Task directions: Could you output only the lines from the one containing "THE MATCHING GUNPOWDER" through the last line of the data, both included?

Information shown:
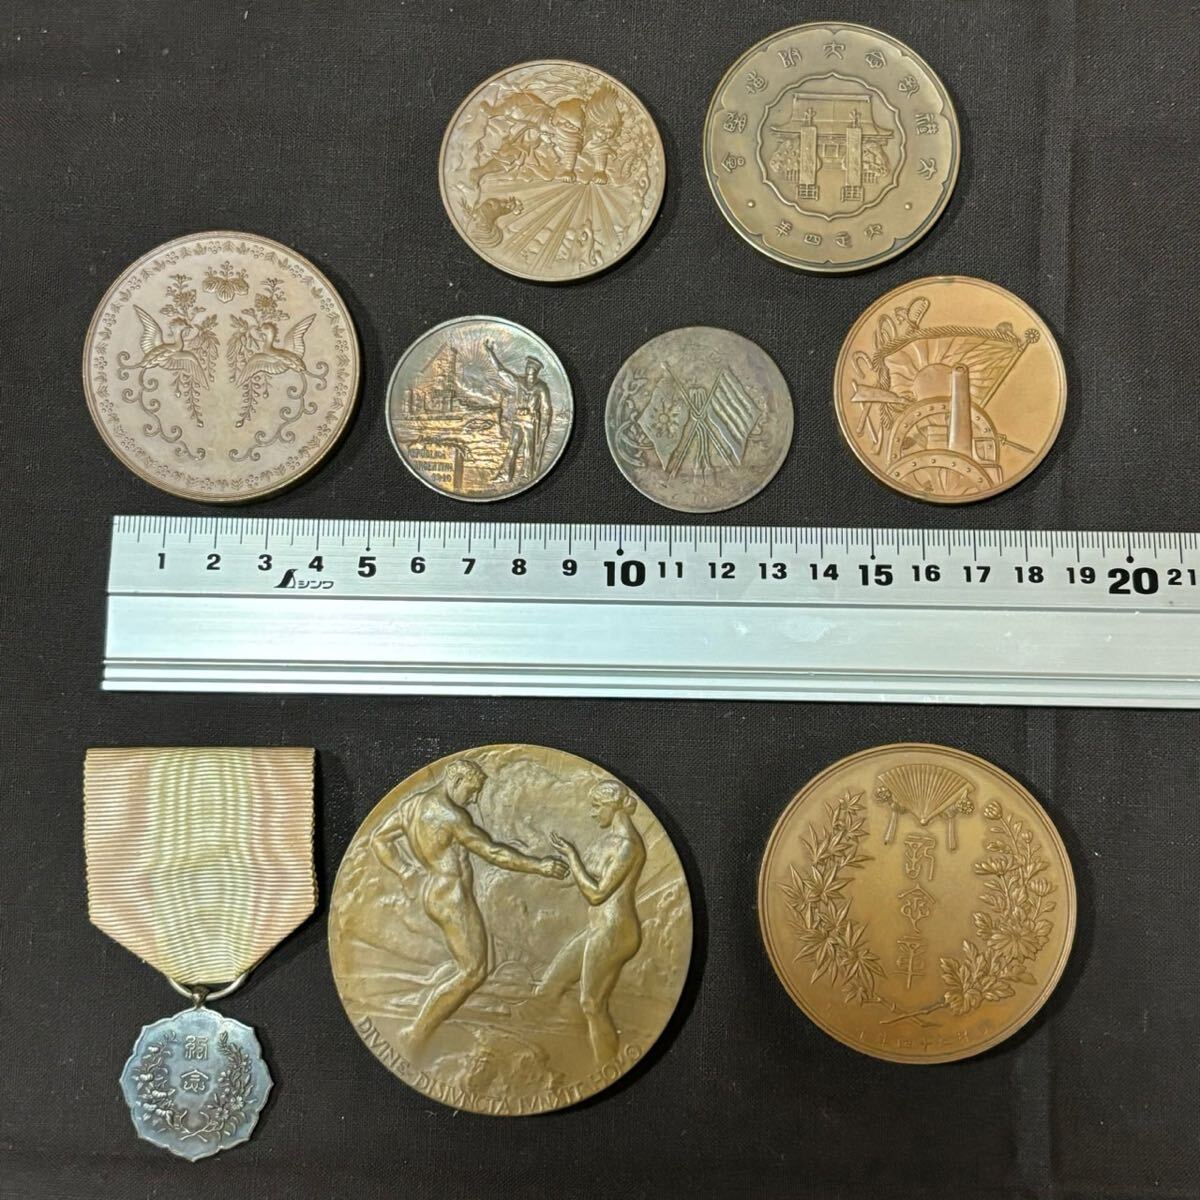 38 rare * memory medal order 10 pieces set copper medal Meiji era commemorative coin gold . prohibitation memory ... male . Inoue ...[ postage exhibitior charge *1 jpy start ]
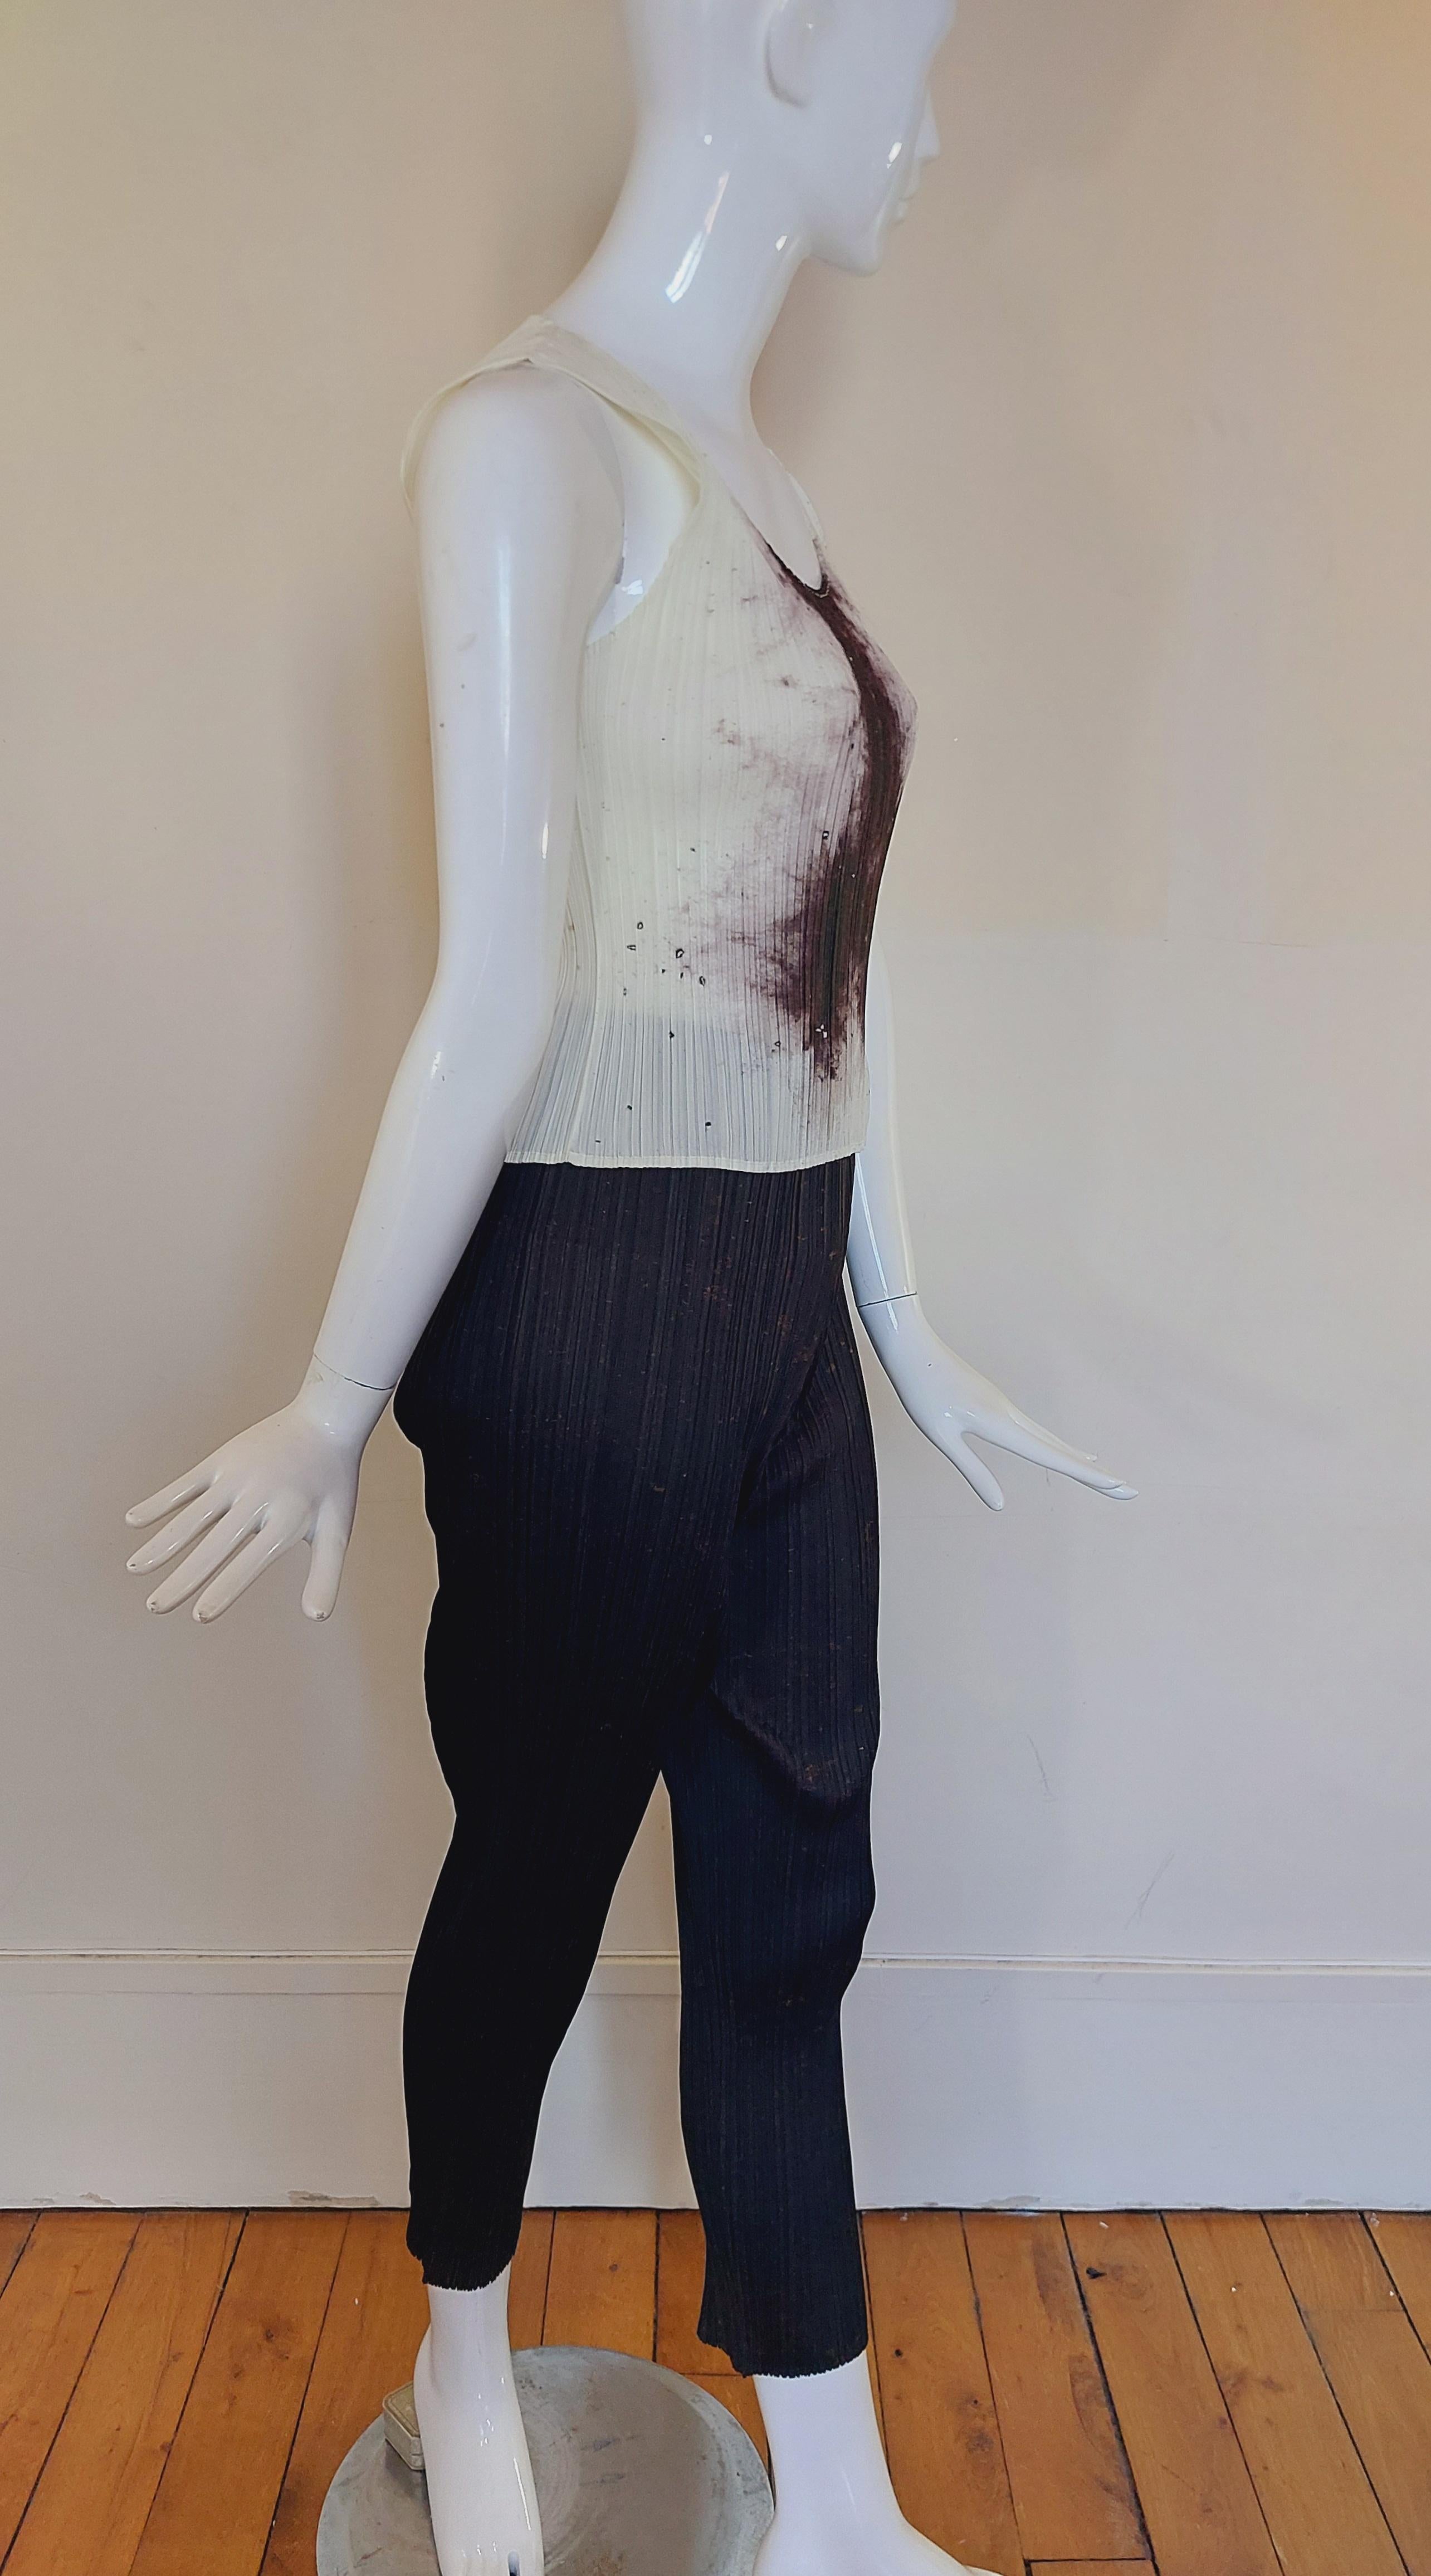 Pleats Please By Issey Miyake Guest Artist Series No. 4 Cai Guo-Qiang Gunpowder Runway Pants Trousers 1998

THE MATCHING GUNPOWDER TOP SOLD SEPARATELY. If you are interested in, PM me! ;)

A rare and coveted Pleats Please by Issey Miyake pants from

Finished task:
THE MATCHING GUNPOWDER TOP SOLD SEPARATELY. If you are interested in, PM me! ;)

A rare and coveted Pleats Please by Issey Miyake pants from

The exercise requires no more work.